Universalité du rhinocéros

Il y a un peu plus d’un an, j’ai eu le plaisir de déjeuner en compagnie du dramaturge et comédien Pedro Romero et de Bart Vonck, poète mais aussi traducteur, à l’issue d’une rencontre que je venais d’animer sur la traduction de la poésie. Les attentats de Bruxelles n’avaient pas encore eu lieu mais nous avions ceux de Paris et de Charlie en mémoire et nous discutions de ces grands textes – poétiques ou non – qui dénoncent les totalitarismes et les fanatismes, les embrigadements et les mouvements de masse. Il m’est venu alors à l’esprit que Rhinocéros, la pièce d’Eugène Ionesco, dont j’avais souvent parlé à mes étudiants, n’avait plus été jouée chez nous depuis longtemps alors qu’elle illustrait parfaitement le propos. J’ai fait part de cette réflexion à mes compagnons. Bart a avancé l’idée que le texte était peut-être daté et nous en sommes restés à ce constat.

Au même moment, Christine Delmotte préparait la mise en scène de la pièce qui serait montée quelques mois plus tard au Théâtre des Martyrs!
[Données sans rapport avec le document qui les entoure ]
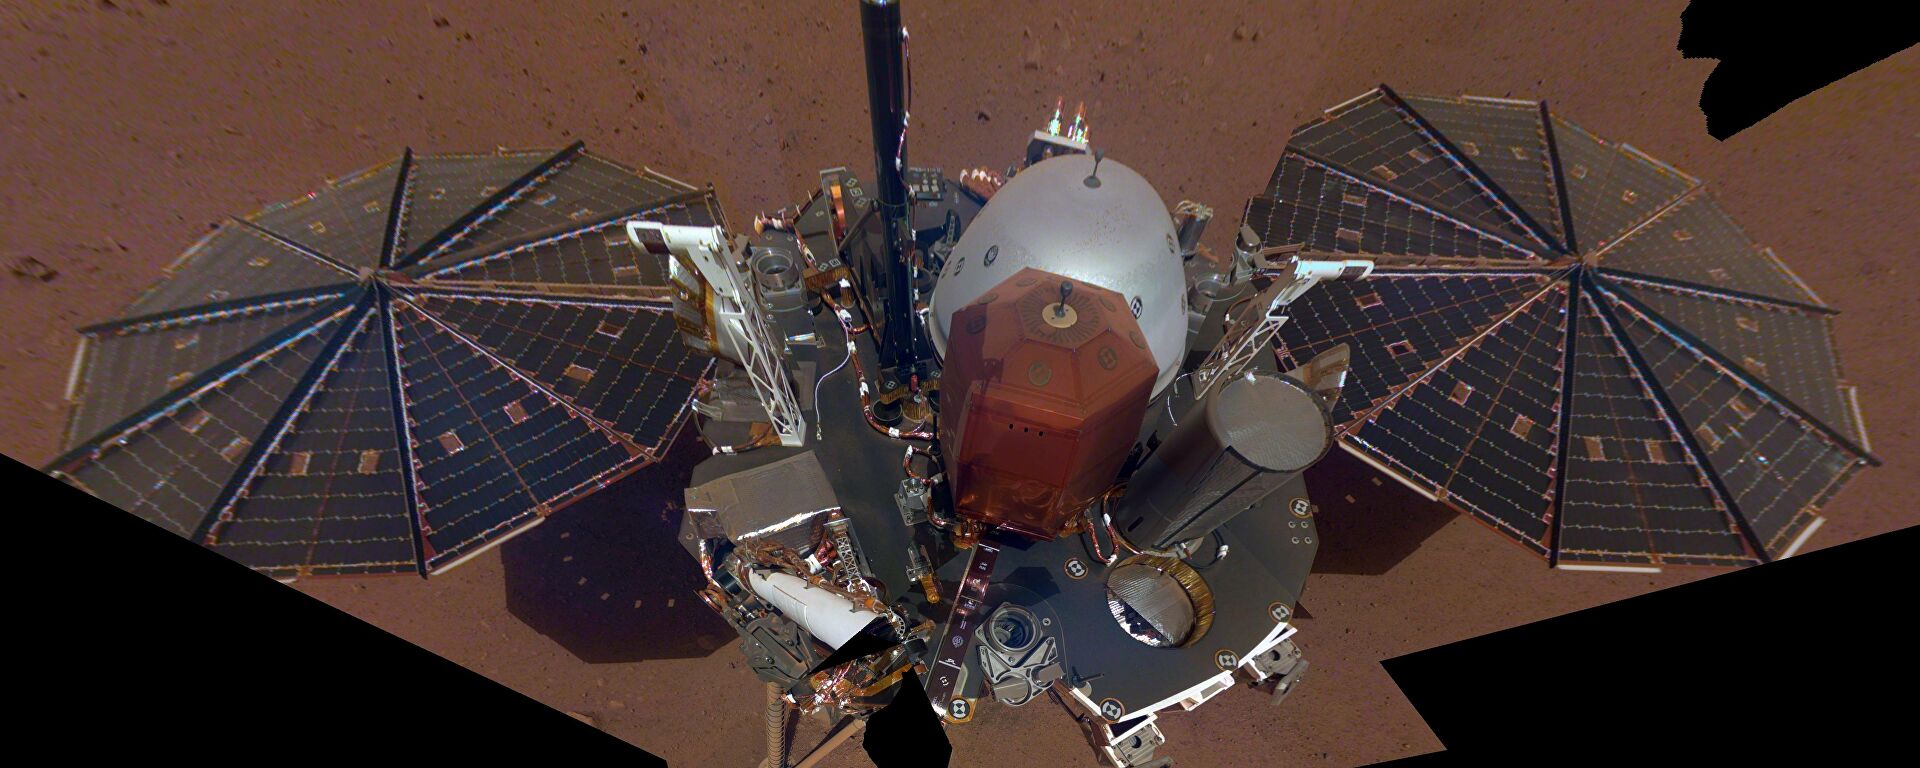 The Mars probe InSight takes a selfie with a camera attached to the robotic arm - Sputnik Brasil, 1920, 09.23.2021

Je n’ai pas eu l’occasion de la voir à ce moment-là mais j’ai réparé cela hier soir au Théâtre Jean Vilar de Louvain la Neuve où la pièce se reprenait – à guichets fermés – pour trois soirs et deux matinées scolaires ! Cerise sur le gâteau, l’exceptionnel Pietro Pizzuti, en charge du rôle principal (le personnage de Béranger), a offert à un petit nombre de privilégiés une mise en bouche d’avant spectacle en nous livrant quelques une des clés de la mise en scène épurée de Delmotte. Ne nous attardons pas sur l’argument de la pièce – Béranger assiste impuissant à la métamorphose en rhinocéros de tous ceux qui l’entourent – ni sur le sens qu’Ionesco disait y avoir mis – une métaphore du nazisme autant que du système totalitaire qui s’installait à l’époque (1959, date de création) en Roumanie – car de multiples ouvrages ont été consacrés à l’exégèse de la pièce. Bien des écrits ont analysé sa dénonciation des systèmes qui détruisent la personne au profit de la masse, sa dichotomie nature/culture, la loi morale face à la loi de la jungle ou encore le grégarisme rassurant car le troupeau est plus efficace au moment d’écraser l’individu, affaibli par sa solitude. Il est plus inquiétant de constater que, contrairement aux craintes de Bart Vonck, le texte n’est en rien daté et a pris réellement valeur universelle : la violence animale proposée par les rhinocéros nous rappelle bien des fanatismes d’aujourd’hui autour du monde…, souligne Christine Delmotte.

Malheur à celui qui veut conserver son originalité ! , s’exclame Béranger dans les derniers instants de la pièce avant le sursaut final de la résistance, Je ne capitule pas !.

La scénographie minimaliste de Delmotte choisit de poser les acteurs sur un plateau nu et blanc, où quatre projecteurs mobiles délimitent les espaces, de la place du village à la chambre confinée de Béranger. C’est probablement cette nudité qui rend plus impressionnante encore la rhinocérite exprimée par un recours au gum-boot, danse traditionnelle des mineurs d’Afrique du Sud, ou au body-claping, ainsi qu’à l’argile verte qui recouvre les corps comme une carapace. L’avancée des rhinocéros, dans une semi pénombre, où ne résonnent que les claques assénées sur les corps et les pieds qui frappent le sol, est époustouflante et coupe le souffle. Un usage intéressant de la vidéo, un travail des lumières particulièrement raffiné, des scènes où la langue devient comme une musique sur laquelle dansent des acteurs parfaits dans leur lente transformation, et le jeu de Pizzuti – qui propose un Béranger à la fois incrédule et désorbité -, tout cela prouve que Delmotte a compris la leçon et se saisit de l’originalité comme d’un étendard de résistance.

 

La pièce sera reprise au cours de la saison prochaine au Théâtre des Martyrs à Bruxelles. A ne pas rater, donc.